Jain sometimes works long hours and weekends at her firm, but doesn’t want to do that once she has kids. She’s planning for two or three within the next five years and anticipates making some adjustments.
Although she wouldn’t rule out a position in management, she thinks it would be difficult to balance those intense duties with home and family life.
“You wouldn’t expect a husband to stay home with the kids,” she says.
Dhawan says the current conflict between building a career and raising a family is also a big part of the reason many women don’t make it into management positions.
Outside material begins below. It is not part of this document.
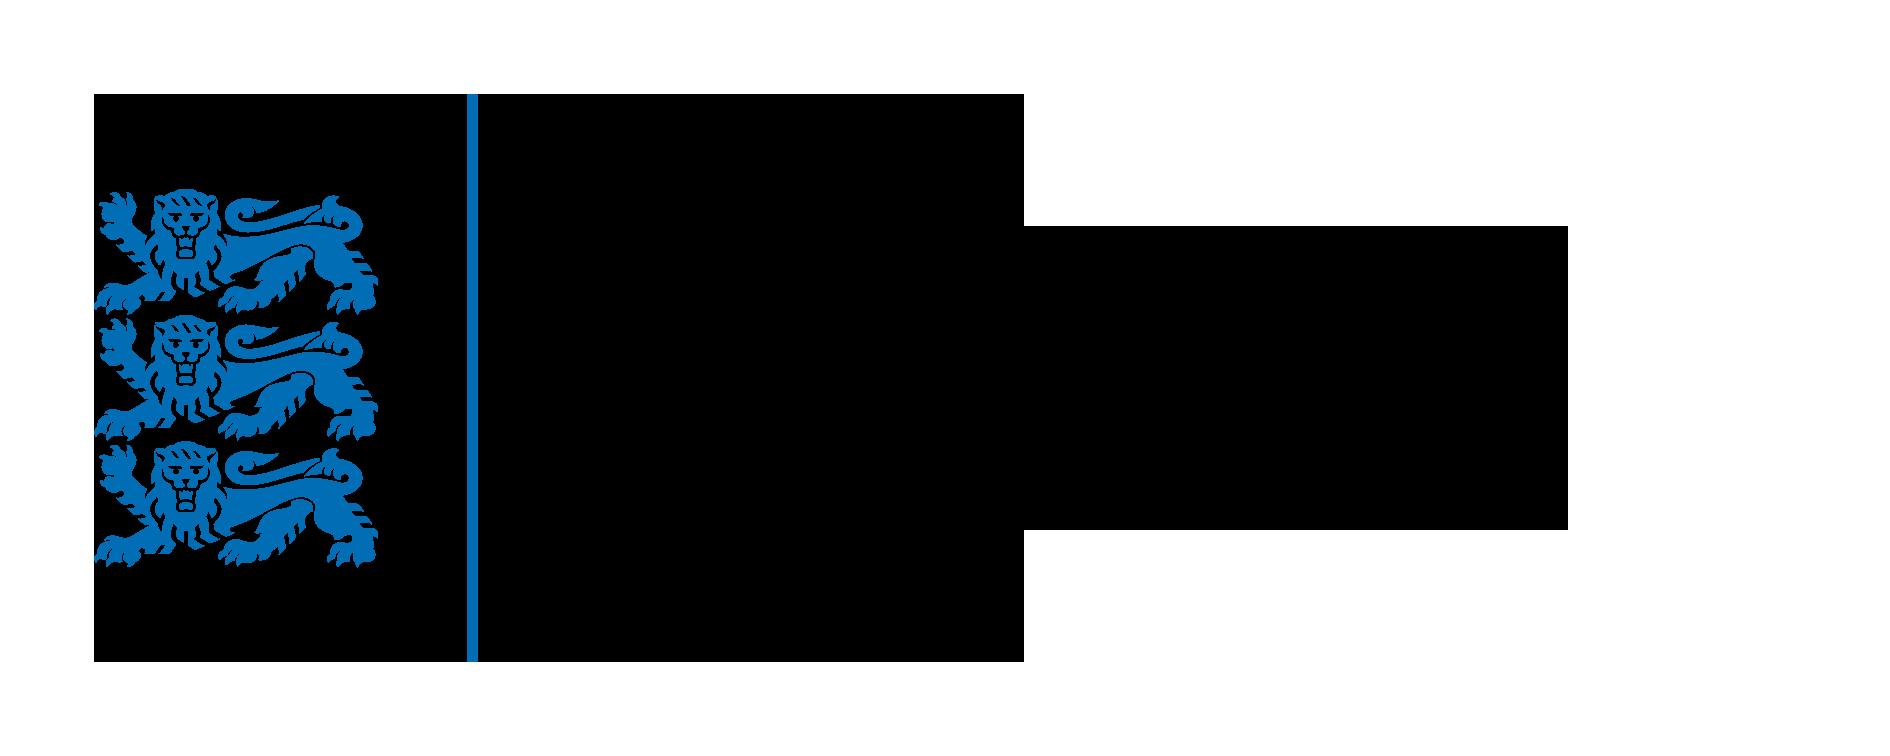 0_haridusmin_3lovi_eng

She believes it’s also not just a problem for young women.
“Nothing is really going to change until we have a shift in gender roles at home, until men get more engaged in this issue,” says Dhawan.
WHAT WATER COOLER TALK SHOULD BE ABOUT
Dhawan believes it’s important to look at the trend as part of a larger picture and think about designing structures in the workplace that allow both men and women to thrive. If not, companies and organizations will end up losing some of their most talented workers.
“I think we need to shift our language in today’s leading global companies around this topic,” she says. “It often gets positioned as a human resources and diversity challenge, but I actually think that it’s an innovation and leadership challenge and it’s a crisis.”
This feature was produced by May Warren, a student in Ryerson University's School of Journalism, in partnership with The Huffington Post Canada.